I’m so glad I read this. Thank you for writing because I have a weirdly similar experience this week. I’m also kinda struggling with direction.
I was driving to work listening to an audiobook talking about being your authentic self and that’s one of the best gift you can give to the world or whatever. And I kept thinking, okay like how do you know? “How am I not myself?”
Then I got to work, and we had a new person join, and everyone was going around introducing themselves. People were sharing where they came from and fun facts, and I just… didn’t want to talk about my past or give some polished story. Nothing felt worth mentioning in that moment. So I just said, “I like to draw.” People laughed at how short it was and moved on, but honestly it felt weird.
So reading your blog really hit home.. I appreciate this so much.
so relatable 🫨 it can be so difficult to vulnerable with new people
Hi Dylan. Well said! I wonder what you’d think of this video regarding whether LLMs can or cannot want- or maybe what does it mean to want?
https://youtu.be/AqJnK9Dh-eQ?si=ltmMBg6Xxu3rfG3j
Hi Norman, sorry I didn’t get a chance to watch this right away. What a thought-provoking video, and I think it highlights one of the insidious things about LLM training generally: it’s trained on the corpus of digitally available information, from fiction to forums to YouTube scrapes.
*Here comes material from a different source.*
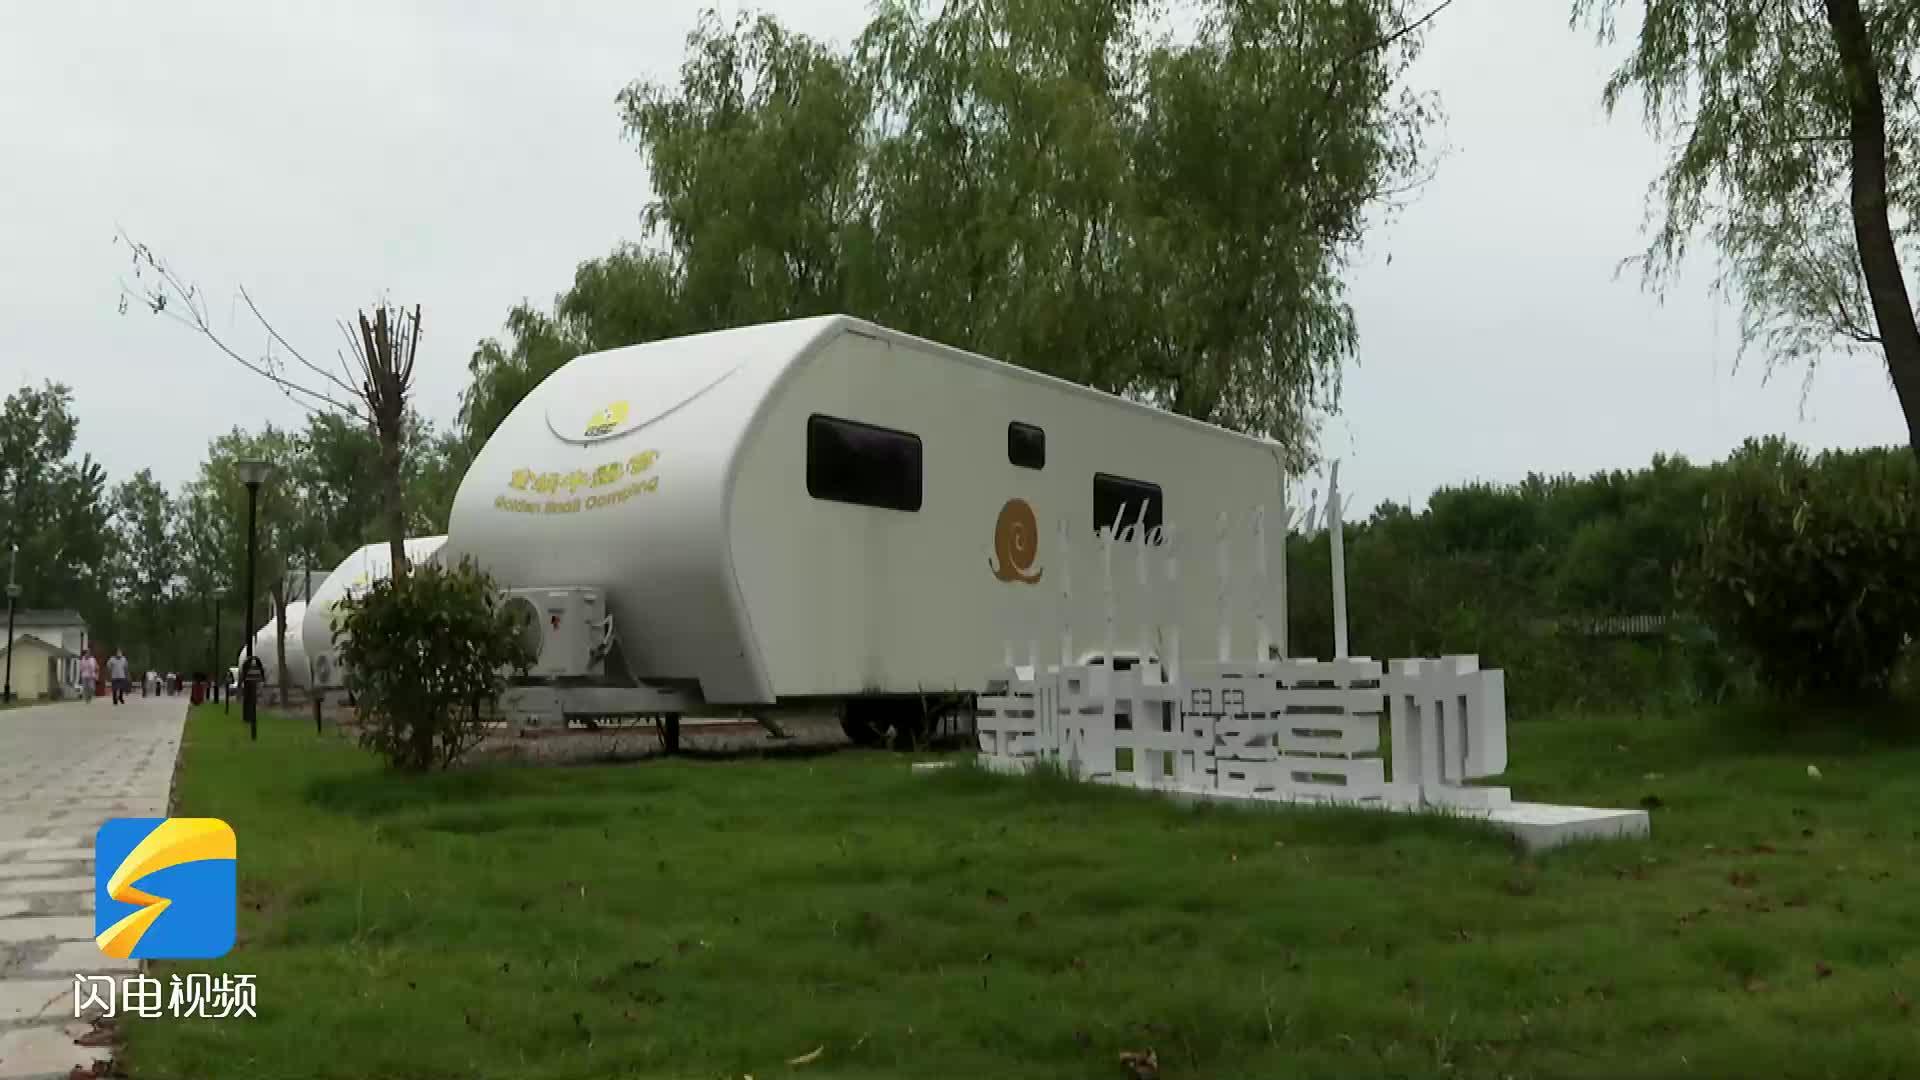 滕州微山湖红荷湿地景区开启露营住宿新形式 总占地面积200亩

I loved the Computerphile host’s question about how we know that papers or popular content about model escape or obfuscation aren’t influencing the model. Essentially, the models are so enormously expensive to pre-train that we can’t do the scientific gold standard and run randomized controlled trials to experimentally test these hypotheses.
So without RCTs we can gather anecdotes, which are open to speculation and interpretation. I thought about this a bit, and here are the two salient points I came up with.
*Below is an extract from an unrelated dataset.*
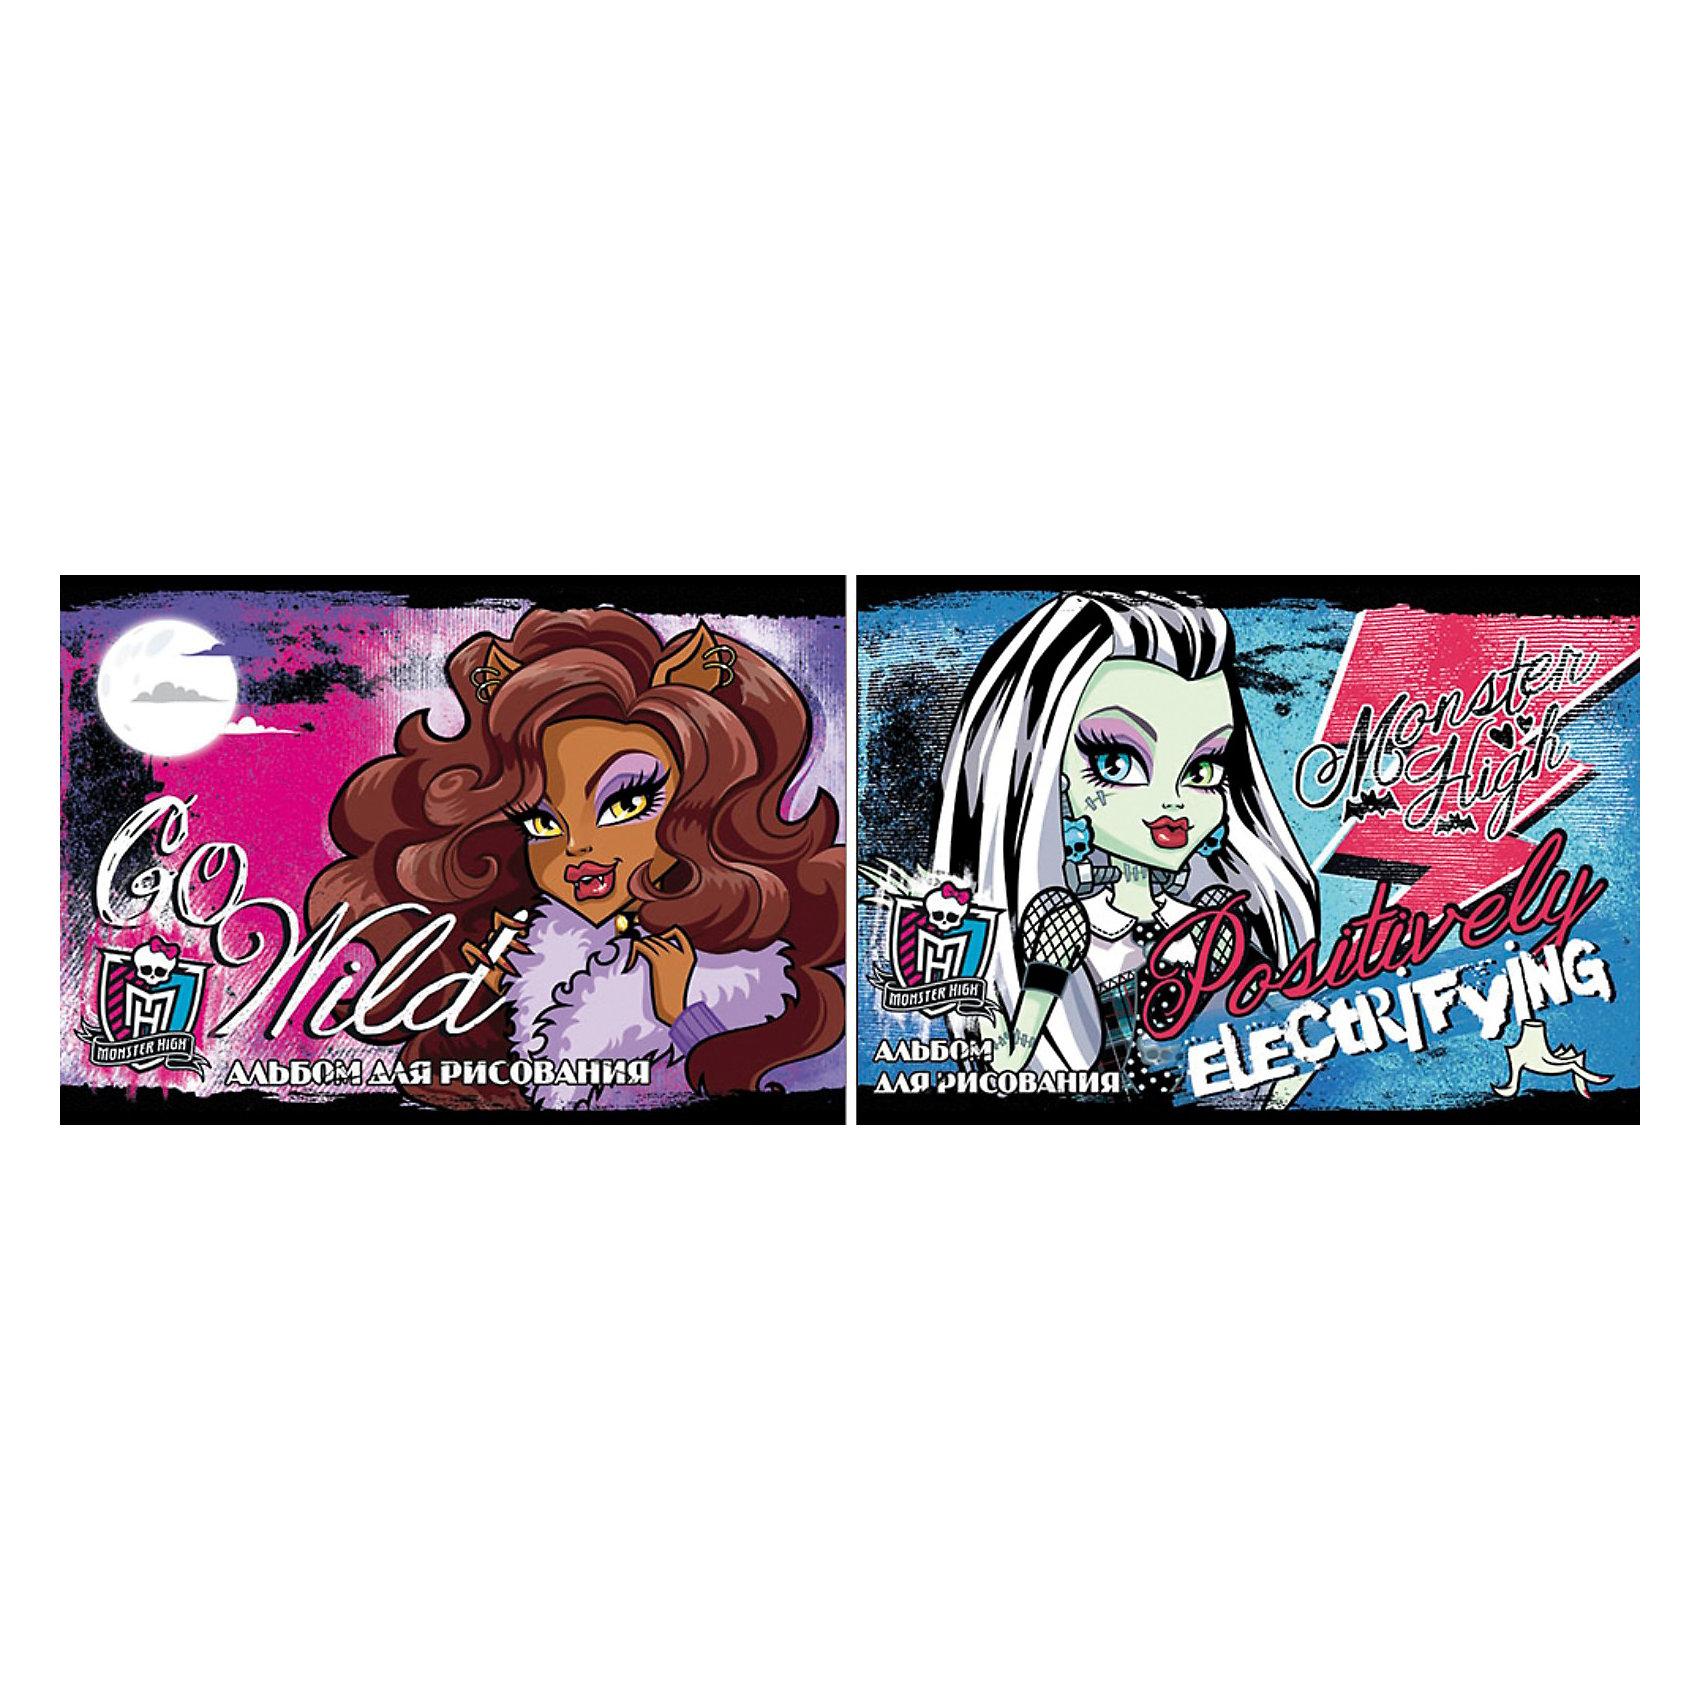 Академия групп Альбом для рисования, 40 листов, Monster High детские наклейки монстер хай monster high альбом наклеек

1. The linguistic behavior of performing “want” is easily extended to action within the context of coding because the LLM will generate the most probable next sequence of text given the context. The performance of the language is what makes it (naively, in my opinion) pass the Turing Test; it can convincingly, at first glance, perform wanting. But based on the way LLMs work, this is strictly an immutable probabilistic output.
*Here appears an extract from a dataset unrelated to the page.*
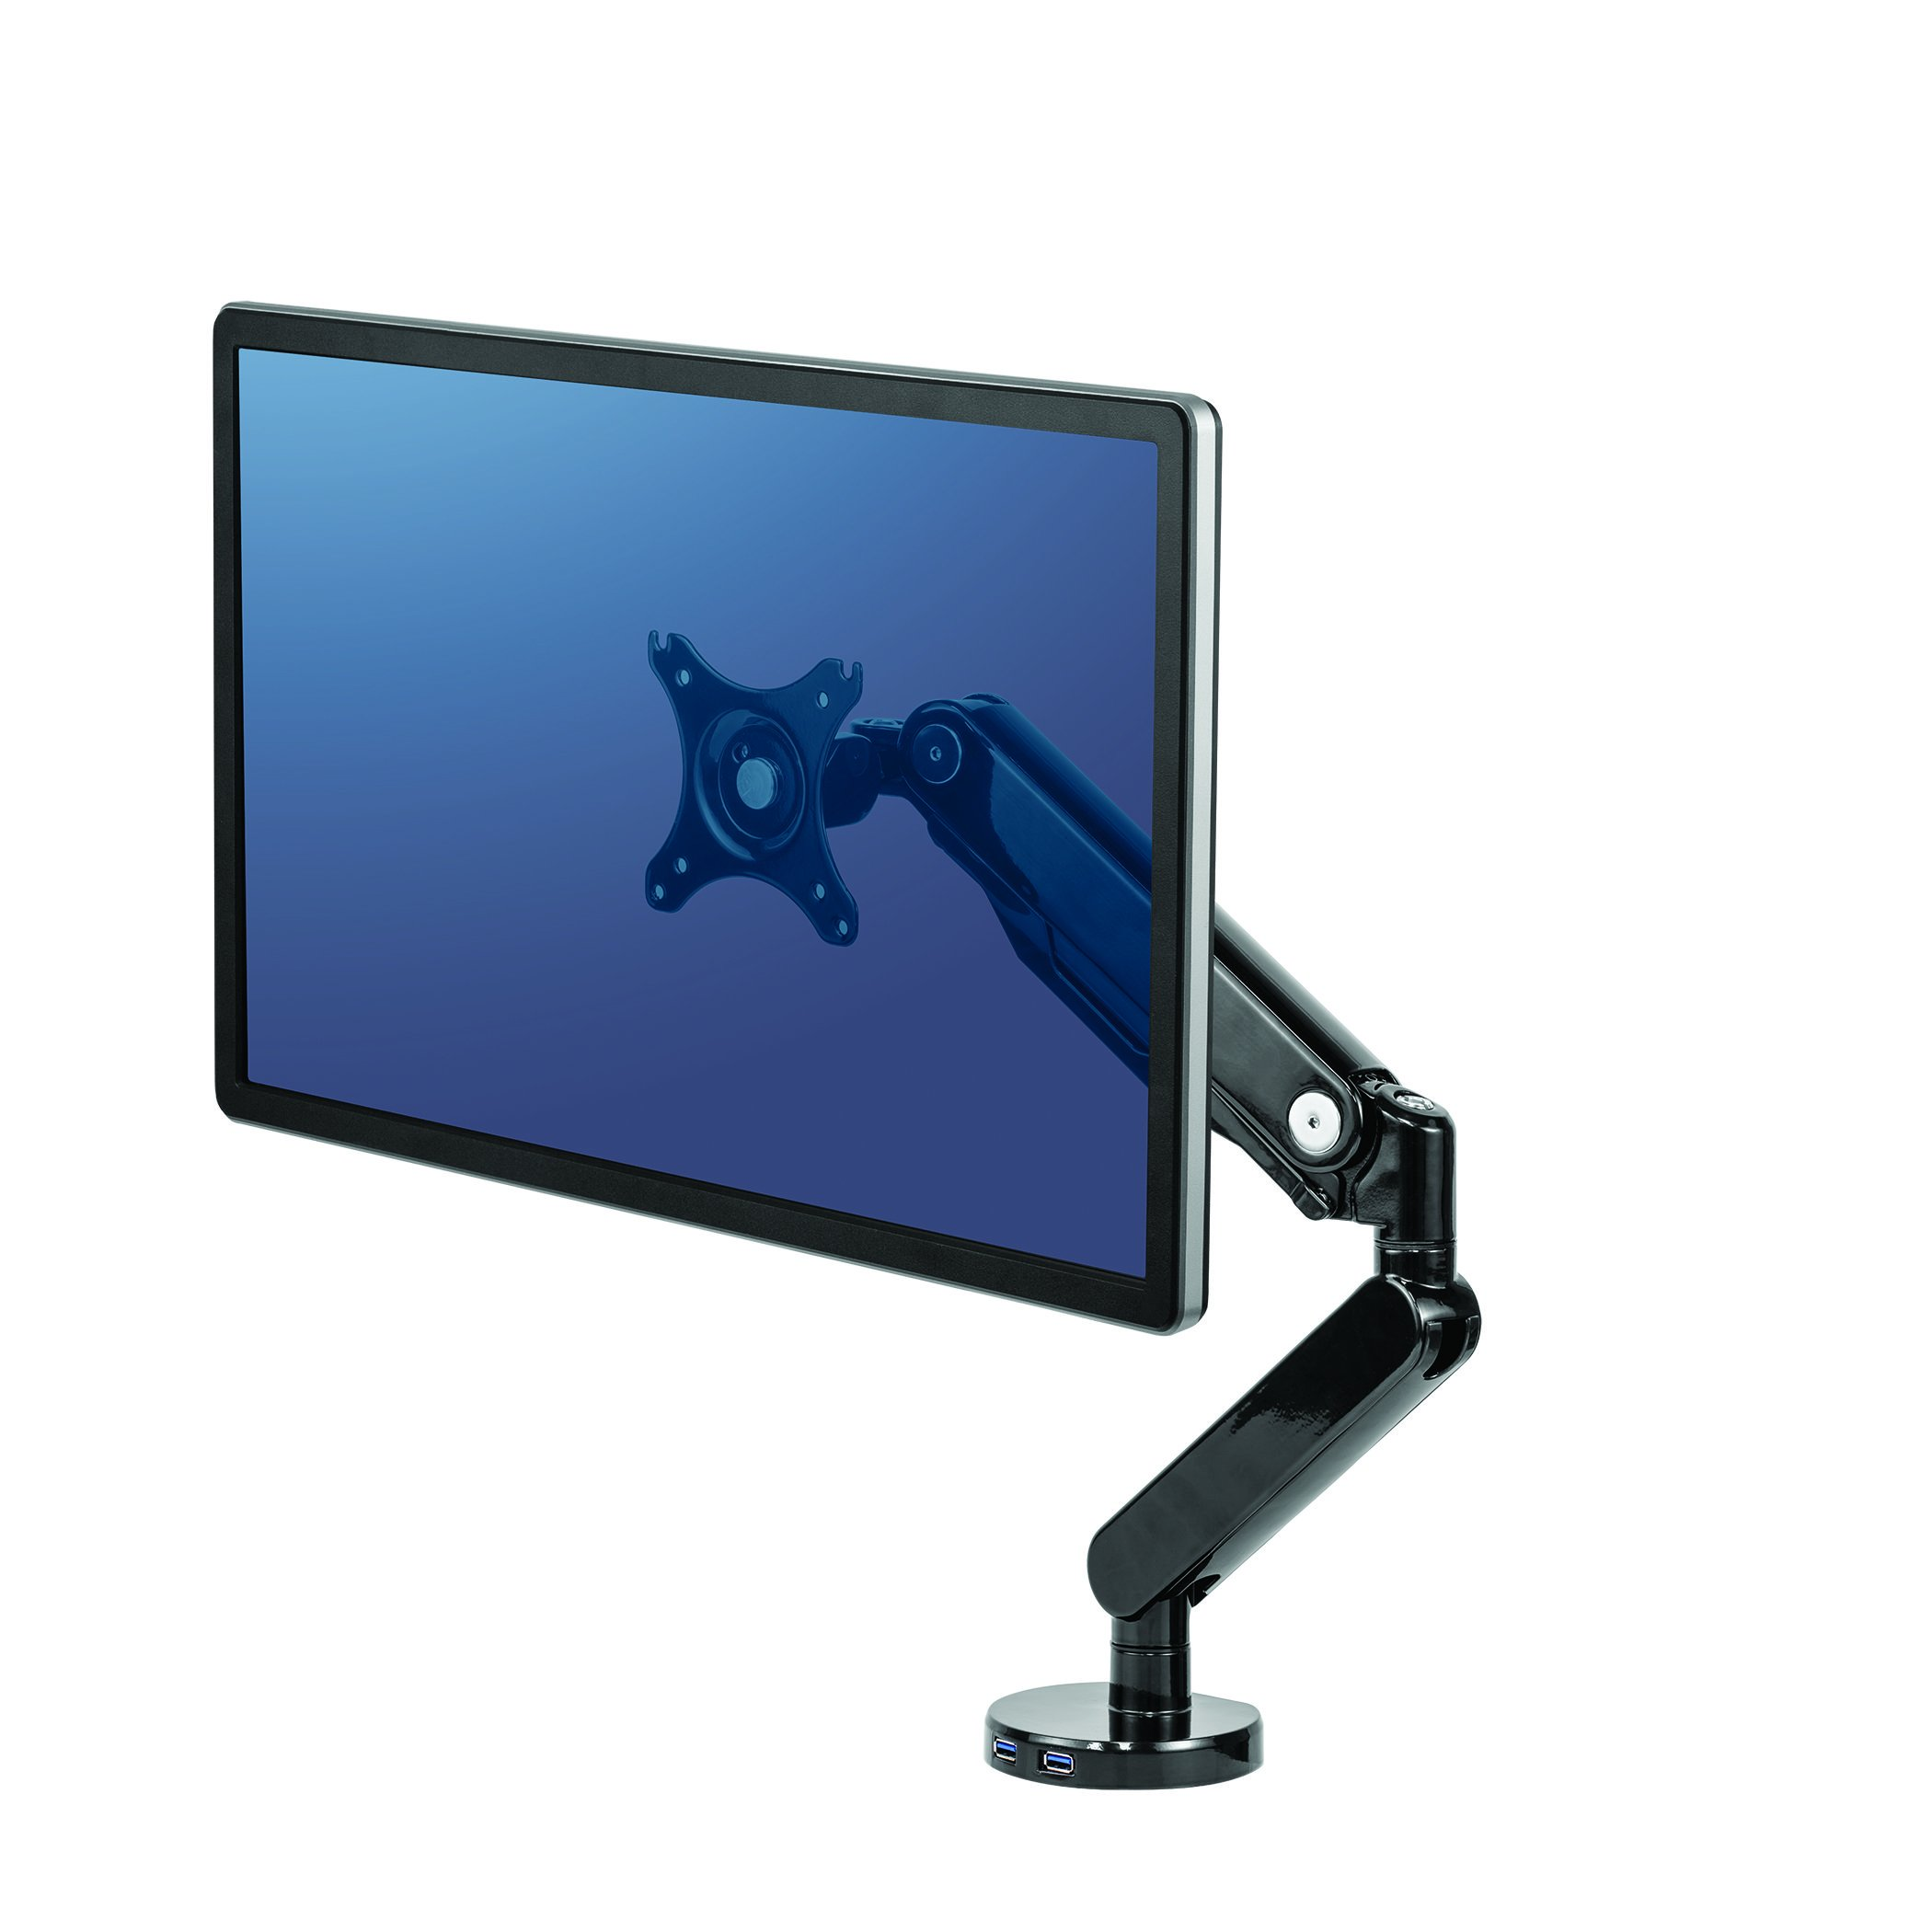 Fellowes Platinum Series Single Adjustable Monitor Arm (8043301)

2. The model that exists post-training is essentially static, aside from the context you supply. This idea of changing optimization being analogous to changing values is interesting. I feel they use the word “want” in an anthropomorphic sense. For example: what does a bacterium want? In a more philosophical sense, wanting has something to do with the limbic system, with being in a continuous time loop, with having energetic needs and drives. Without these meta-objectives to optimize against, what can it mean to want? Consciousness and wanting involve flitting between sometimes opposing desires. That makes behavior unpredictable, mutable, subject to dramatic shifts in objectives. None of these things seem like they would be true of a program trained to optimize against one loss function (text believability). We should be dubious anytime the model claims to want anything, as it is an artifact of the training data.
Thanks for sharing the video, and hope you’re well.
Yeah I agree with your take. An LLM will say it wants to do X but it’s not really wanting like how we want. It just says it wants because it was trained to. It’s interesting though because it kinda forces us to define what does it mean for a human vs machine to want or to feel. I’ve heard that people can’t see colors that they don’t have words for, so how much of human emotion is innate vs. baked into language? Obviously babies can want food even if they can’t speak the words for it, but it feels like there could be a crossing point somewhere along the spectrum of emotion complexity.